Search code examples
phpxmlsimplexml

PHP SimpleXML Values returned have weird characters in place of hyphens and apostrophes


I have looked around and can't seem to find a solution so here it is.

I have the following code:

$file = "adhddrugs.xml";
$xmlstr = simplexml_load_file($file);
echo $xmlstr->report_description;

This is the simple version, but even trying this any hyphens r apostrophes are turned into: ^a (euro sign) trademark sign.

Things I have tried are:

echo = (string)$xmlstr->report_description; /* did not work */
echo = addslashes($xmlstr->report_description); /* yes I know this doesnt work with hyphens, was mainly trying to see if I could escape the apostrophes */
echo = addslashes((string)$xmlstr->report_description); /* did not work */

also htmlspecial(again i know does not work with hyphens), htmlentities, and a few other tricks.

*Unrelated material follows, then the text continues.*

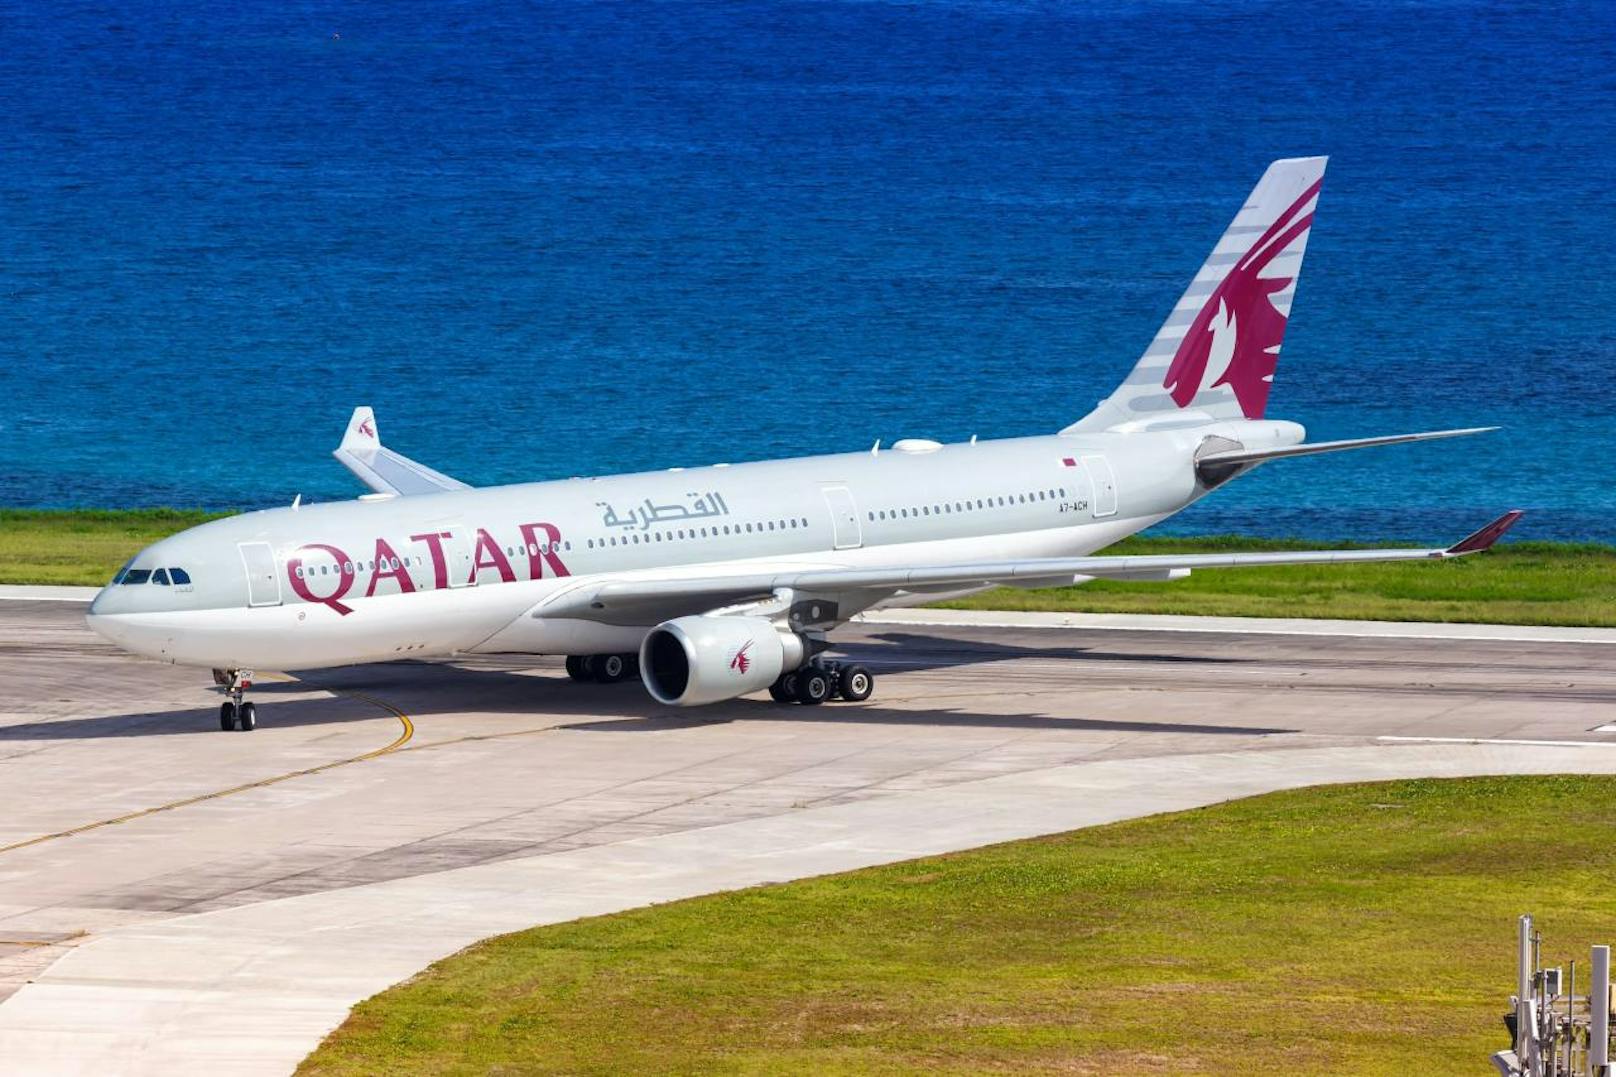 <b>Platz 8: Qatar Airways, Katar</b>
Tripadvisor-Bewertung: "Die Bar im A380 (Business Class) ist das Beste. Der Service, egal in welcher Klasse, ist fantastisch. Das Essen ist für Economy sehr lecker, das Entertainment ist klasse."

Now the situation is I am getting the XML files from a feed so I cannot change them, but they are pretty standard. The text with the hyphens etc are encapsulated in a cdata tag and encoding is UTF-8. If I check the source I am shown the hyphens and apostrophes in the source.

Now just to see if the encoding was off or mislabeled or something else weird, I tried to view the raw XML file and sure enough it is displayed correctly.

I am sure that in my rush to find the answer I have overlooked something simple and the fact that this is really the first time I have ever used SimpleXML I am missing a very simple solution. Just don't dock me for it I really did try and find the answer on my own.

Thanks again.


Solution

  • Do you know the document's character set?

    You could do header('Content-Type: text/html; charset=utf-8'); before any content is printed, if you havent already.